The media isn't forcing you to do anything. You always have the option of turning off the television. An option that I highly recommend, by the way. It's worked wonders for me.

[identity profile] fpb.livejournal.com 2007-04-20 07:52 pm (UTC)(link)
As I said upthread, I took that option eagerly. Do not imagine that I watched that abomination one second more than I had to. I am nevertheless disgusted at their behaviour.

[identity profile] dirigibletrance.livejournal.com 2007-04-21 04:22 pm (UTC)(link)
You know, I'm also a little bit dissappointed in you that you simply call Cho a "murderous moron". There's alot more too it than that.

The guy was messed up, seriously. He was mentally ill. I've read a little bit about the guy now in the last day or so, and he showed signs of this kind of behavior from even early in life. He was, according to doctors that have reviewed the case and been interviewed anyway, a classic psychopath, who very likely had a biochemical imbalance. He didn't just up and decide to to kill a bunch of people one day. He'd been mentally crippled for most of his life.

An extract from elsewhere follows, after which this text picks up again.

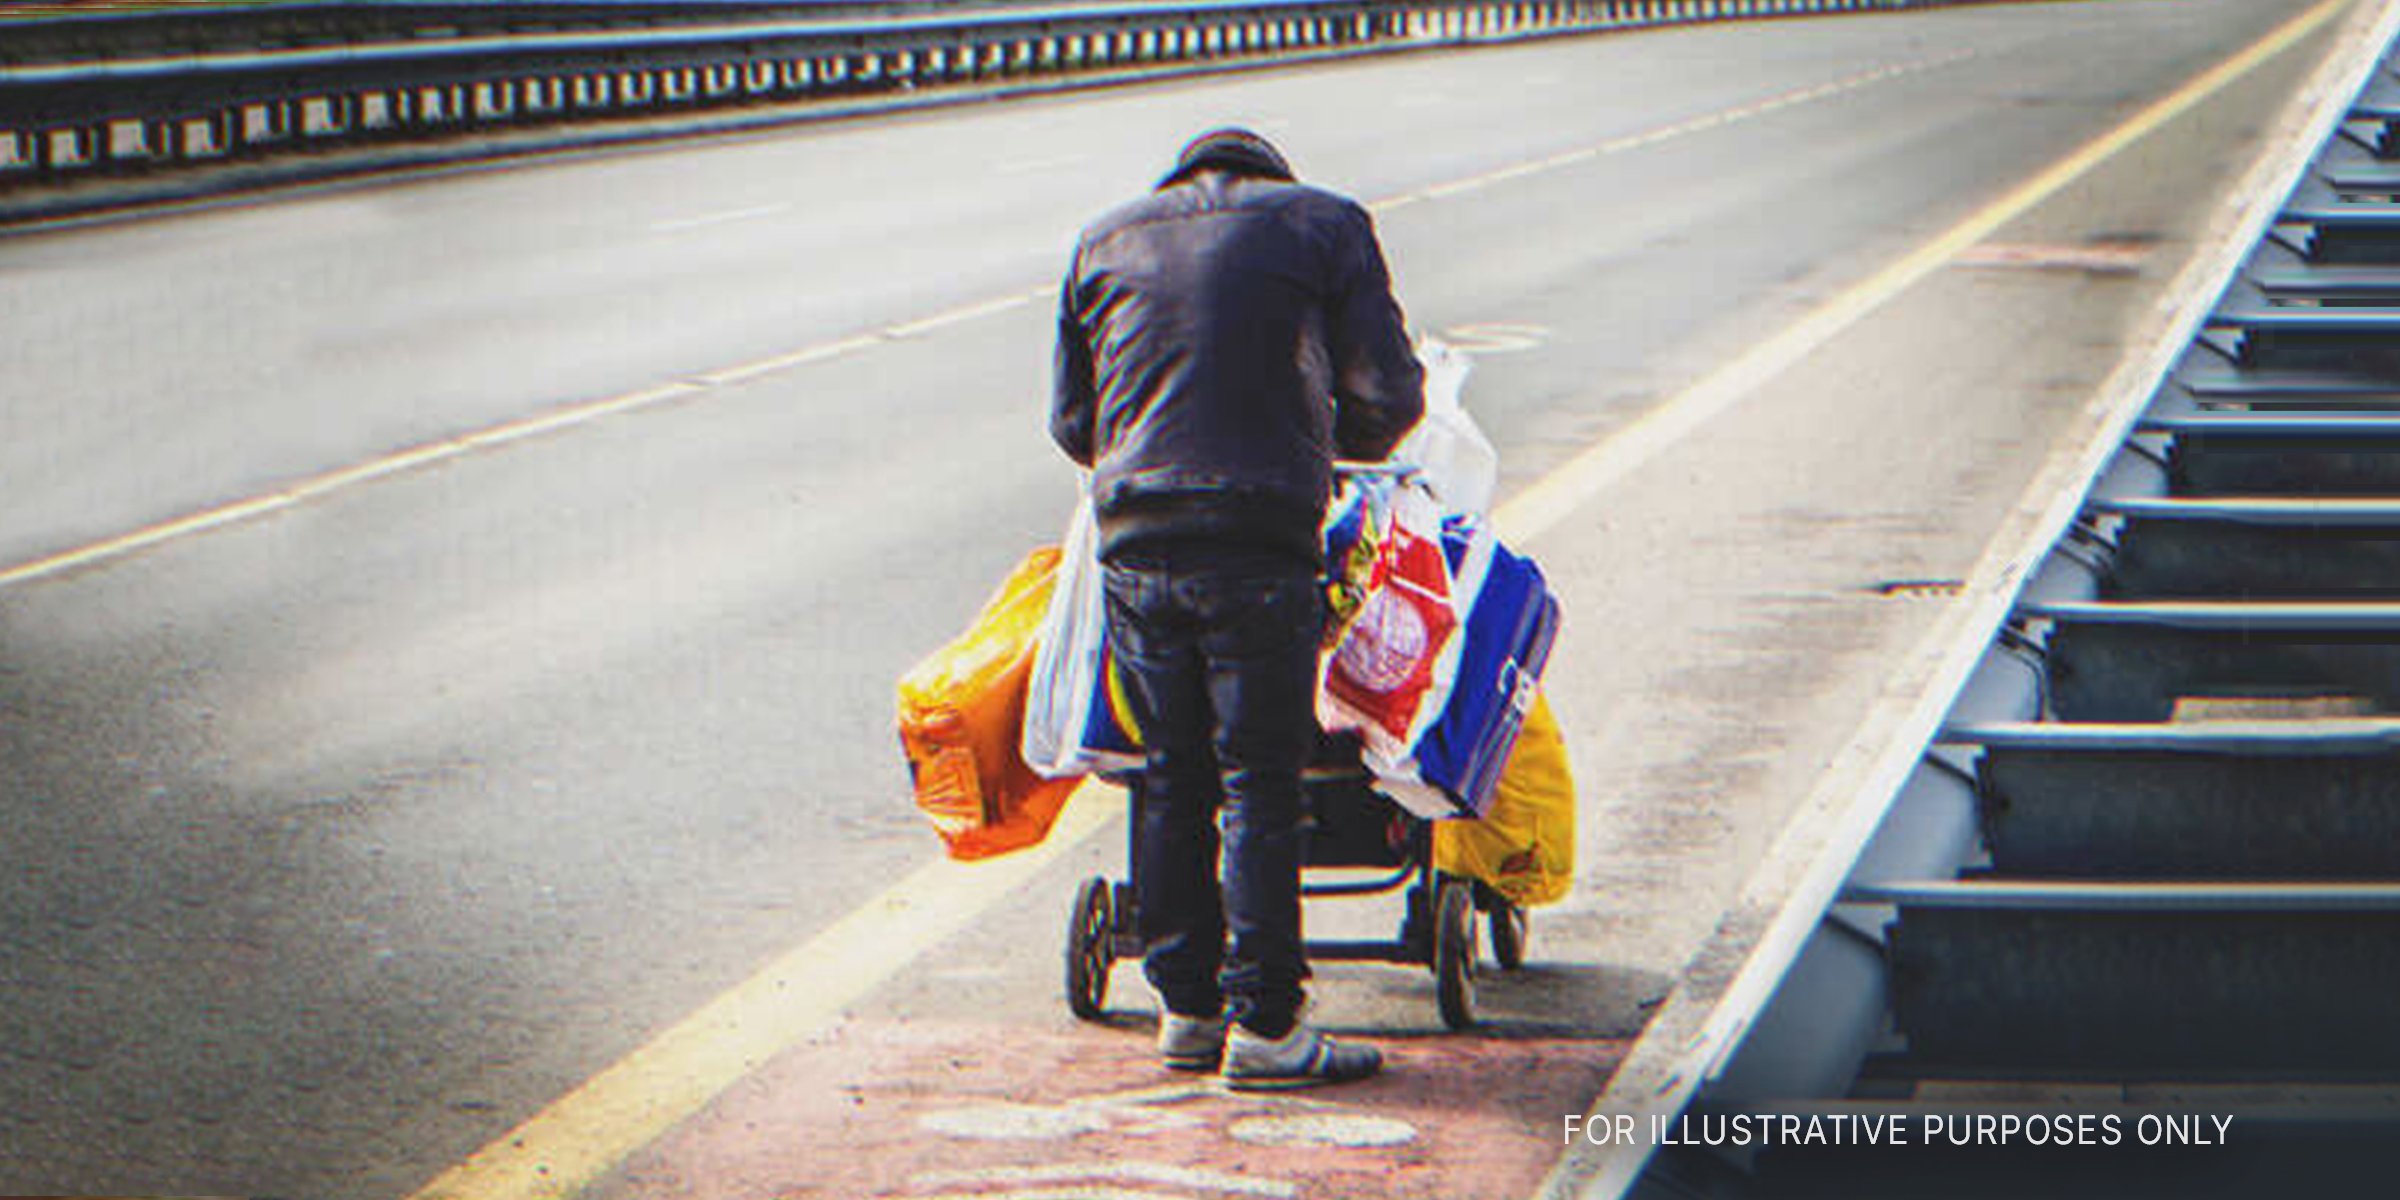 Man pushing cart of belongings. | Source: Shutterstock

He shouldn't have even been out on the streets, at all. The US mental health system, and justice system, utterly failed here. We failed to get a guy who was seriously ill the help he needed, and we also failed to keep a potential threat to public safety contained and away from access to weaponry. I have no idea how the frickin judge who reviewed his case a year ago only concluded that he was "a danger to himself" when the guy was taking photographs of female students in his classes and then turning in creative writing stories about butchering them all. That seems like a pretty cut-and-dry "danger to self *and others*" situation. He shouldn't have even been on the VT campus that day, but instead in a mental ward, on medication, with a reinforced door or two between him and the outside world.

[identity profile] fpb.livejournal.com 2007-04-21 06:37 pm (UTC)(link)
I grant your point. I am a member of the disabled movement and I regard Cho's treatment as abominable. However, this only reinforces my view that the media had no business broadcasting his screed; quite apart from the effect on victims and relatives, it just means handing yet another victory to his disease.